Unified Deep Learning Benchmark for Satellite Image Restoration and Generation

Introduction

The project Unified Deep Learning Benchmark for Satellite Image Restoration and Generation focuses on developing a standardized and reproducible benchmarking framework for evaluating modern deep learning models used in satellite image processing. In current research, different datasets, preprocessing methods, and evaluation metrics are often used independently, making it difficult to fairly compare results across models and tasks.

To address this limitation, the proposed system provides a unified evaluation pipeline that supports multiple satellite image processing tasks, including Cloud Removal (CR), Super-Resolution (SR), and High-Definition (HD) image generation. The framework integrates widely used remote sensing datasets such as AllClear, SEN12MS-CR-TS, WorldStrat, PROBA-V SR, and SAT25K, while applying consistent normalization, spectral alignment, and metric evaluation procedures.

The goal of this project is to ensure fair comparison, reproducibility, and transparency in satellite image restoration and generation experiments by allowing different models to be tested under the same conditions. By combining dataset handling, model evaluation, metric computation, and visualization into a single system, the project provides a reliable tool for researchers working in remote sensing and deep learning.

This unified benchmarking approach helps improve the consistency of experimental results and supports the development of more accurate and reliable satellite image processing methods.

Our Team

Royana Huseynova

Team Lead

Project management and algorithm selection

✉️ 🔗

Nijat Alisoy

Dataset Integration

Data preprocessing and normalization

✉️ 🔗

Pasha Zulfugarli

Data Analysis & Web UI

Analytics and presentation website

✉️ 🔗

Huseyn Sadatkhanov

Visualization & Experiments

Visualization and model comparison

✉️ 🔗

Project Overview

The Unified Deep Learning Benchmark for Satellite Image Restoration and Generation is designed as a modular and extensible benchmarking framework that enables consistent evaluation of deep learning models across multiple satellite image processing tasks. The system integrates dataset handling, preprocessing, model execution, metric computation, visualization, and experiment logging into a single unified pipeline.

The framework supports multiple public satellite datasets and ensures that all inputs are processed using the same normalization rules, spectral band alignment, and validation procedures. This guarantees that different models can be evaluated under identical conditions, eliminating inconsistencies caused by dataset-specific preprocessing or incompatible evaluation protocols.

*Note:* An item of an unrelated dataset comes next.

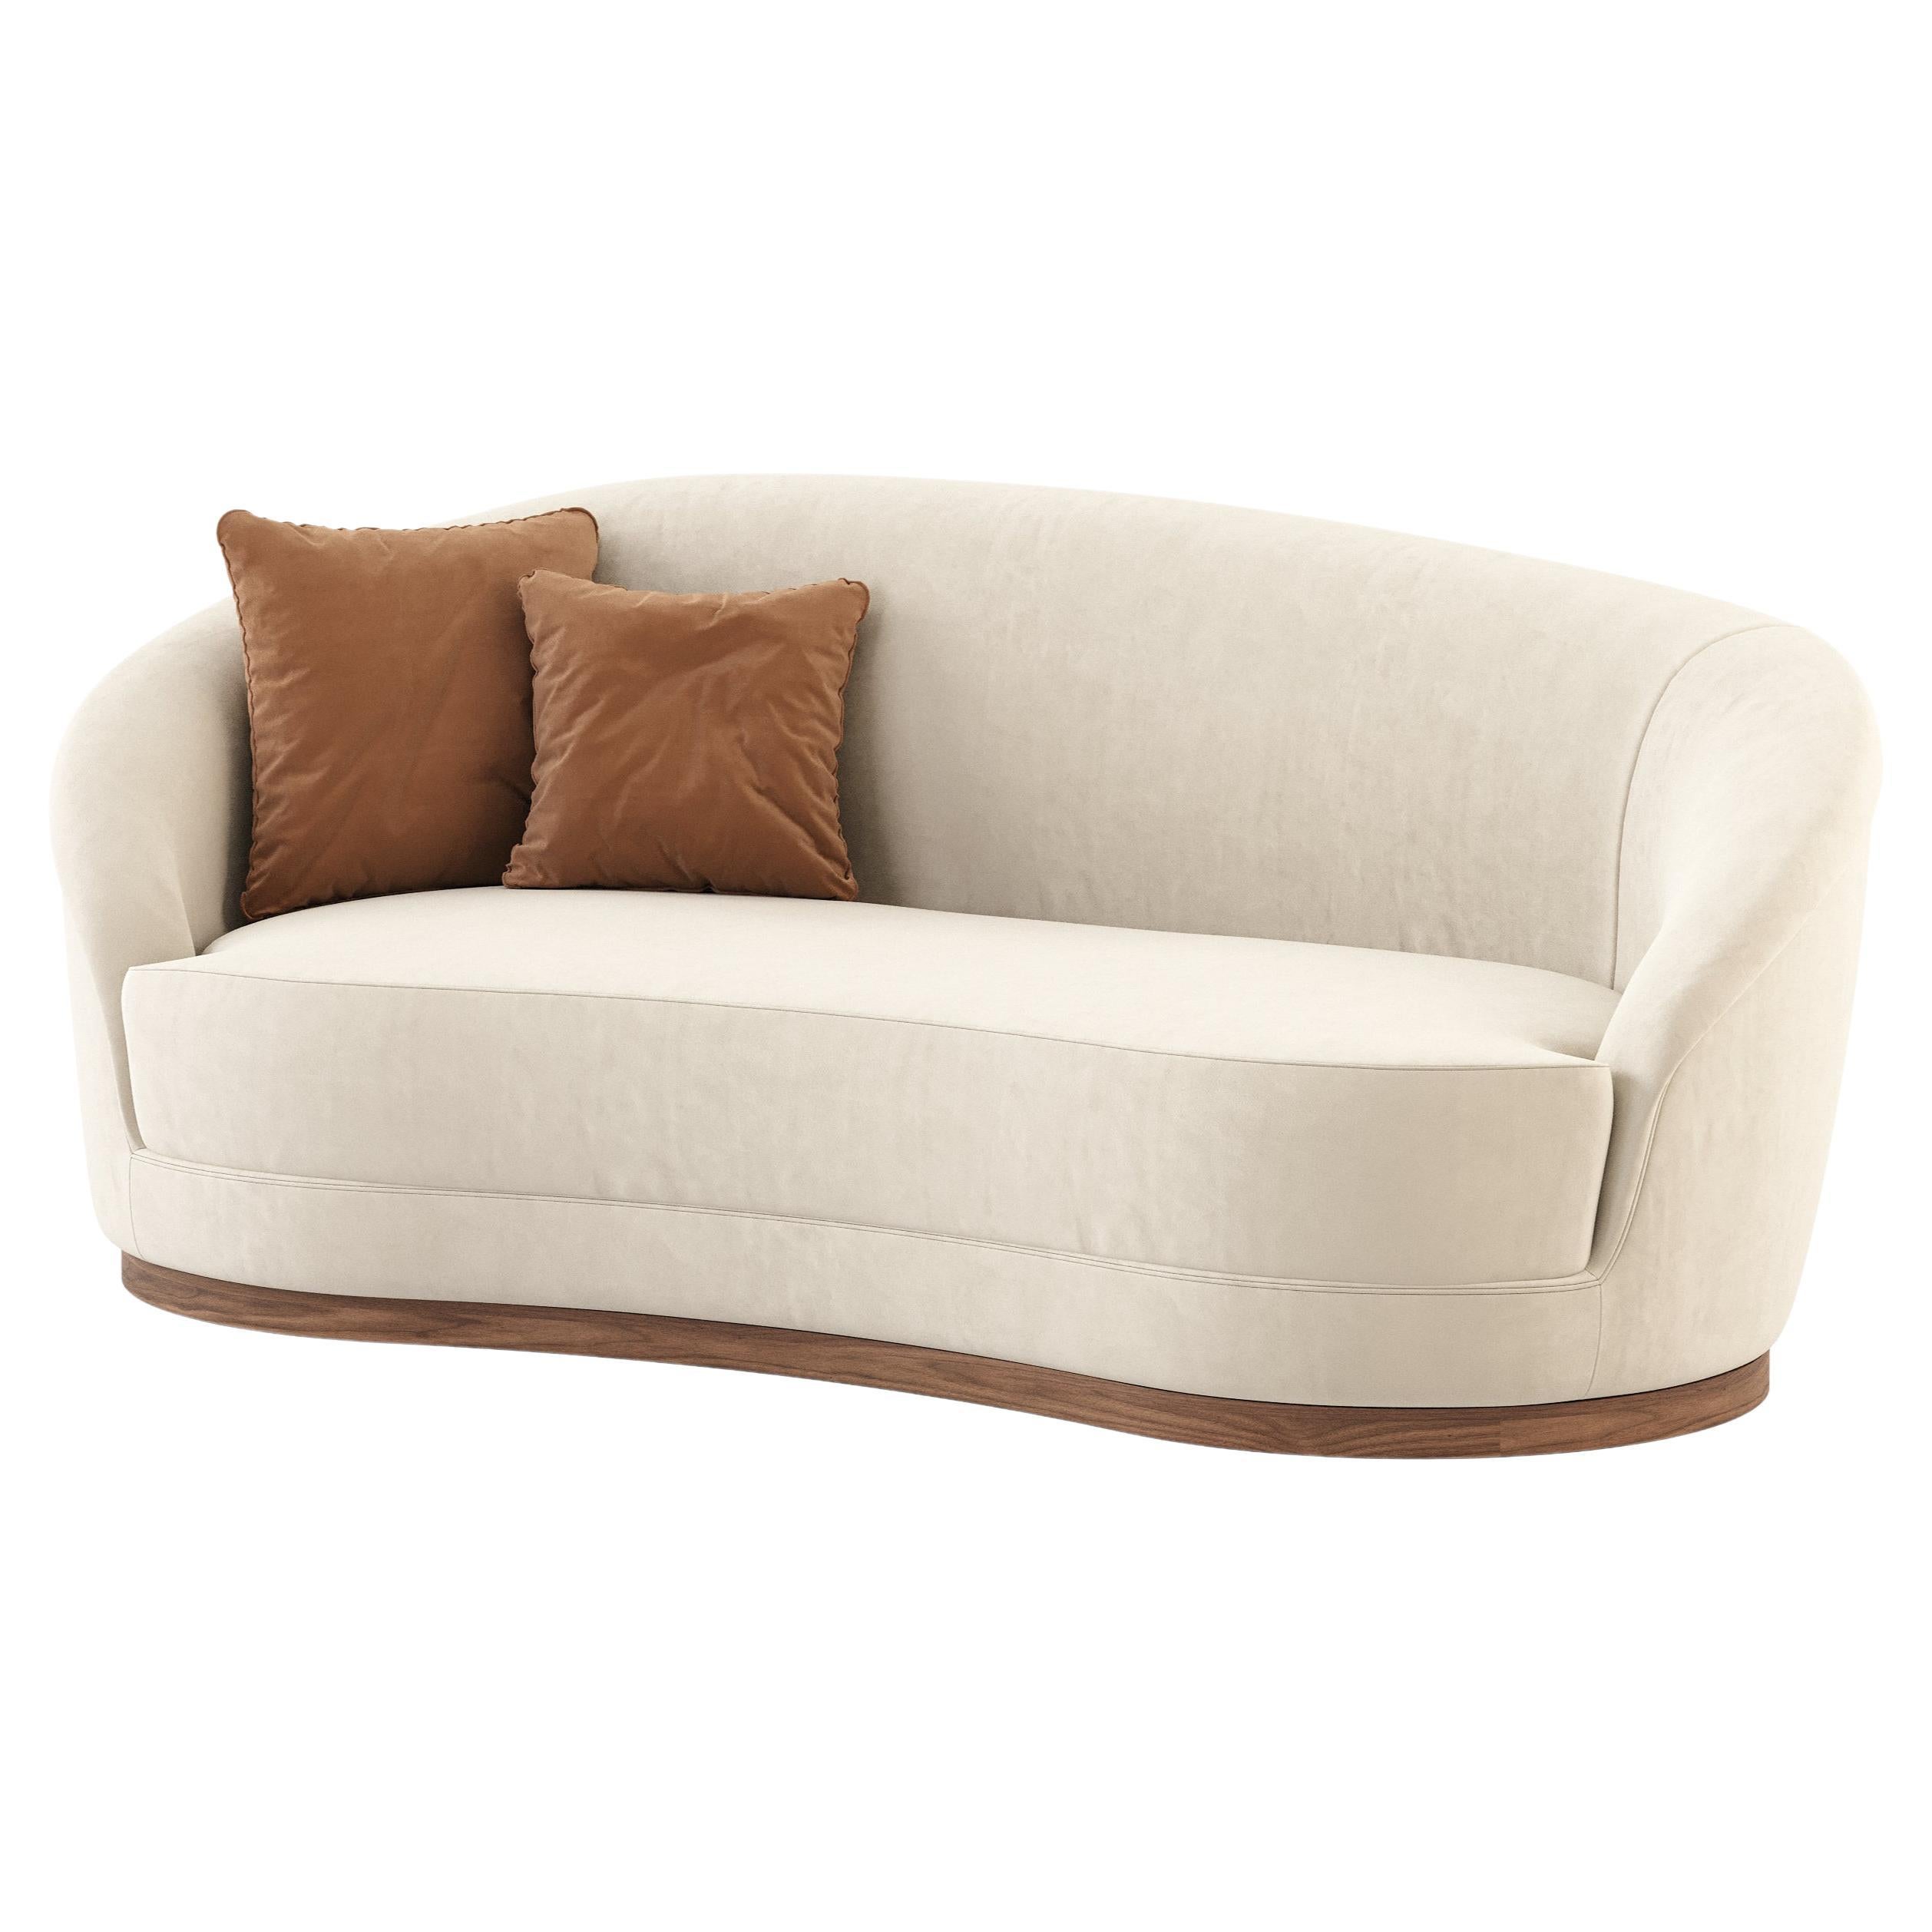 Modernes Hilary-Sofa aus Holz und Textilien, handgefertigt von Stylish Club

The benchmarking pipeline allows execution of baseline and custom deep learning models for cloud removal, super-resolution, and high-definition image generation, while automatically computing standardized evaluation metrics such as PSNR, SSIM, SAM, ERGAS, and other quality measures. All results are saved in structured formats, enabling reproducible experiments and reliable comparison between models, datasets, and preprocessing settings.

In addition to quantitative evaluation, the system provides visual comparison tools that display input images, model outputs, and reference images side-by-side, along with difference maps and zoomed regions for detailed analysis. Experiment configurations, dataset versions, and evaluation parameters are recorded automatically to ensure transparency and repeatability of results.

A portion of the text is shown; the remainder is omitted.